Summary of Assessment Tools for Diagnosis
Overall, the SCID and the SADS are the most common means of diagnosing bipolar disorder in adults. With excellent psychometric characteristics for the assessment of bipolar I disorder, they fare less well in assessing bipolar II disorder. This may be due to issues related to the definition of hypomania.
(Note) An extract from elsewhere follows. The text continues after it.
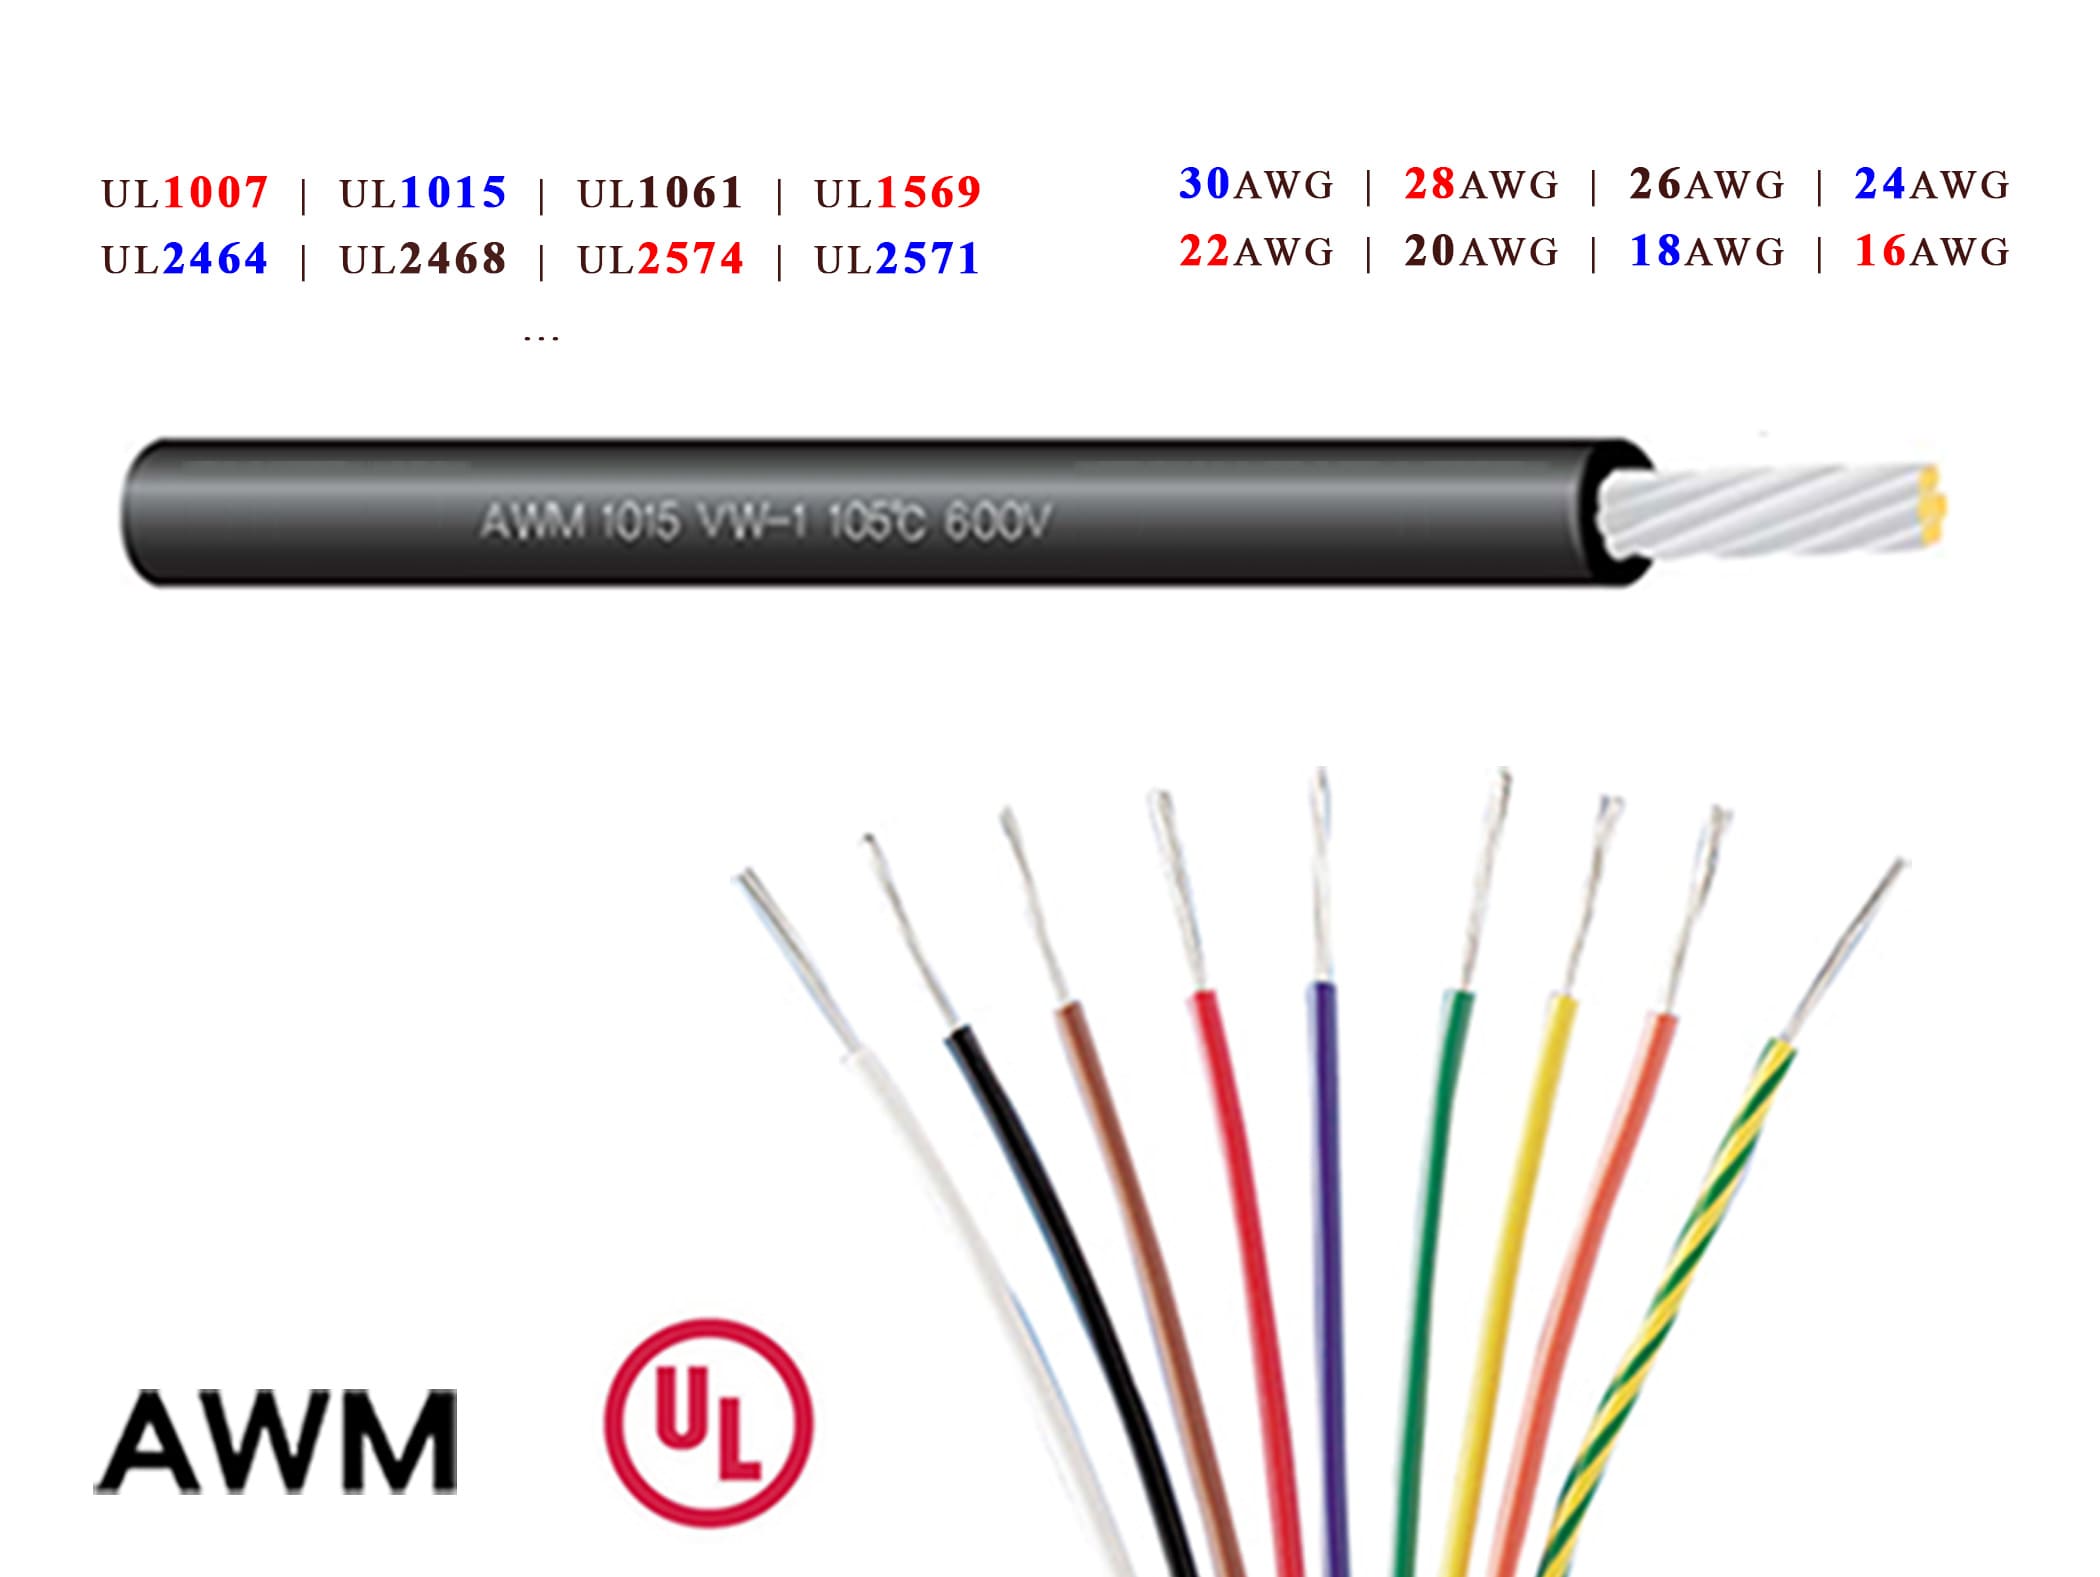 ul wire awm vw-1 ft1 ft2 mtw 8awg 10awg 12awg 14awg 16awg 18awg 20awg 22awg 24awg 26awg 28awg 30awg; ul wire; ul awm wires; ul awm ft1 ft2; ul awm ft1 ft2 wires; ul awm vw-1 mtw; ul awm vw-1 mtw wires; ul awm awg; ul awm awg wires;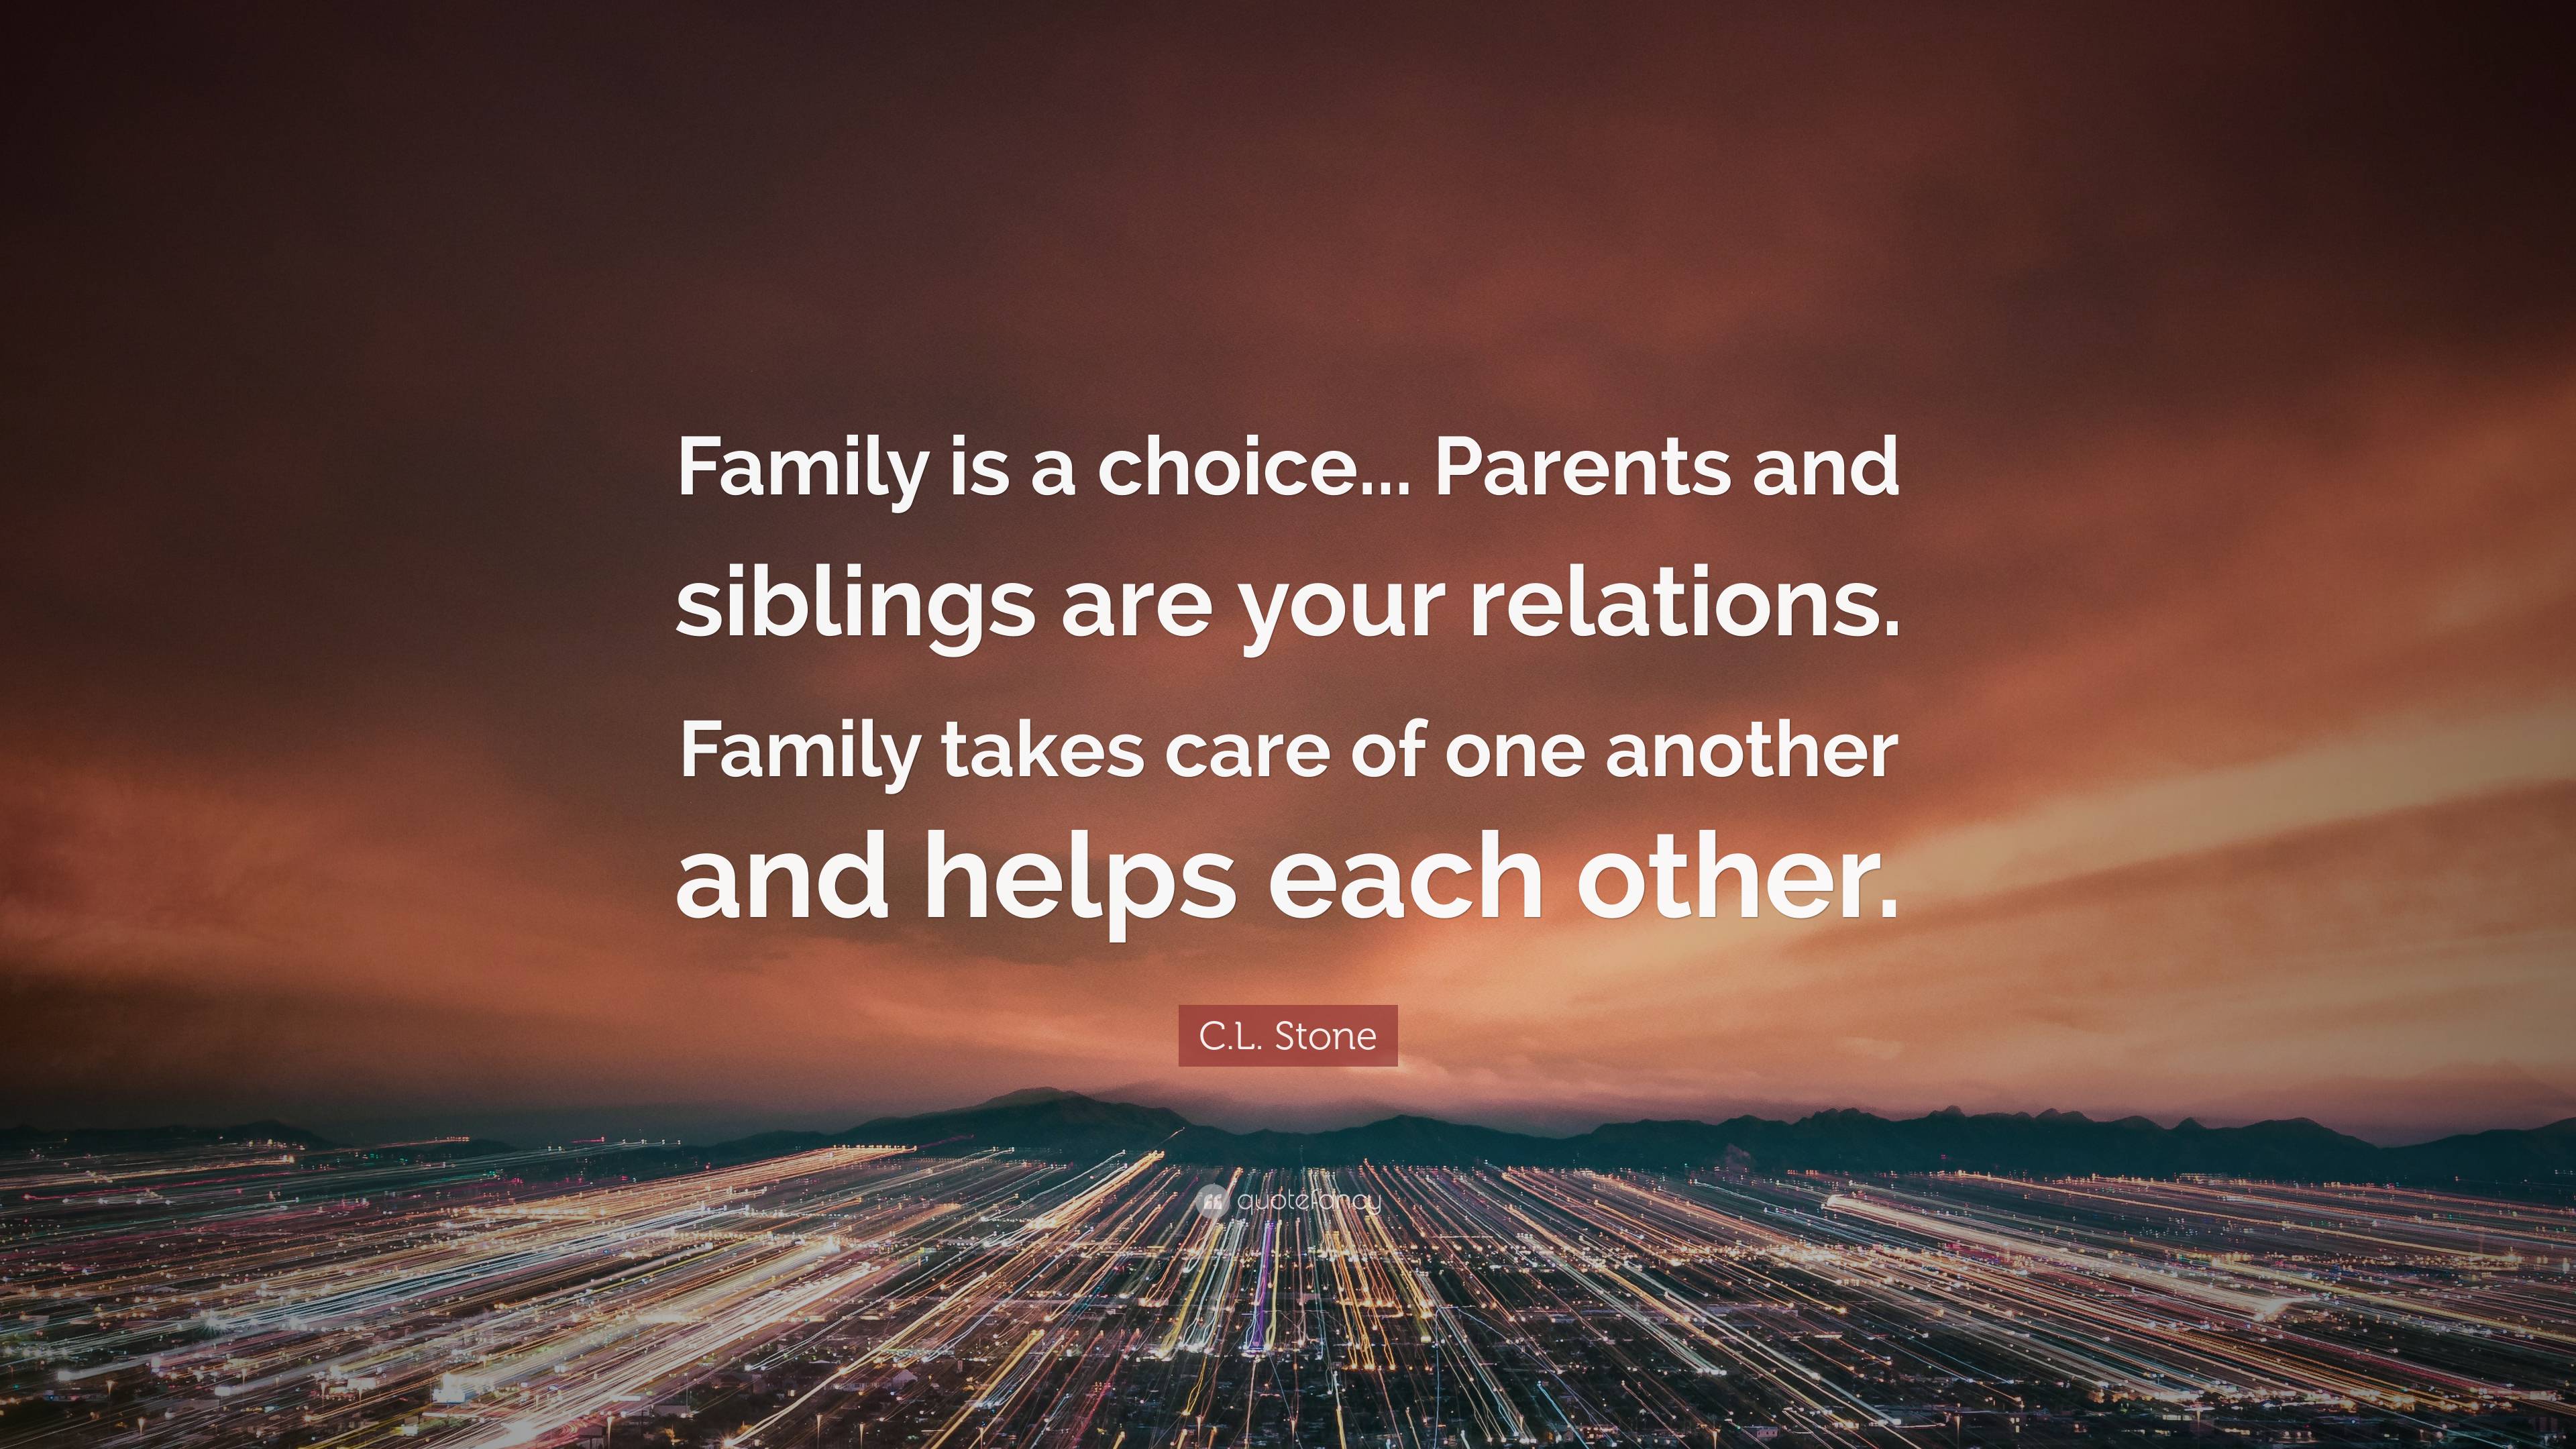 C.L. Stone Quote: “Family is a choice Parents and siblings are your  relations. Family takes care

As a diagnostic screening tool, the scale with the best support is the GBI, as it has consistently demonstrated sensitivity of approximately .75 and specificity above .97. Readers should be cautious, however, because multiple versions of the scale exist, and cutoffs for a positive screen have not been firmly established. The MDQ has been helpful in clinical populations, but suffers from poor discriminatory power in community settings. Other promising scales require more psychometric development. When using self-report scales as screening tools, several broader issues must be kept in mind. First, the usefulness of a screening tool will vary depending on the prevalence of a disorder in the population of interest (
Phelps & Ghaemi, 2006). Second, few studies provide direct comparisons of psychometric characteristics of the different measures. Third, there are several ways to report on a screener’s usefulness, including sensitivity and specificity, positive and negative predictive values, area under the curve, and point-biserial correlations with diagnosis (
Kraemer, 1992). Not all studies on the detection of bipolar disorder report all of these results, limiting the ability to compare studies or measures. Furthermore, sensitivity and specificity are commonly reported, but these indices may be dependent on sample characteristics. Fourth, authors have often modified the diagnostic interviews used as a reference standard to capture milder forms of bipolar spectrum disorder, yet limited information about these modifications is available. Each of these issues makes comparisons between measures complex.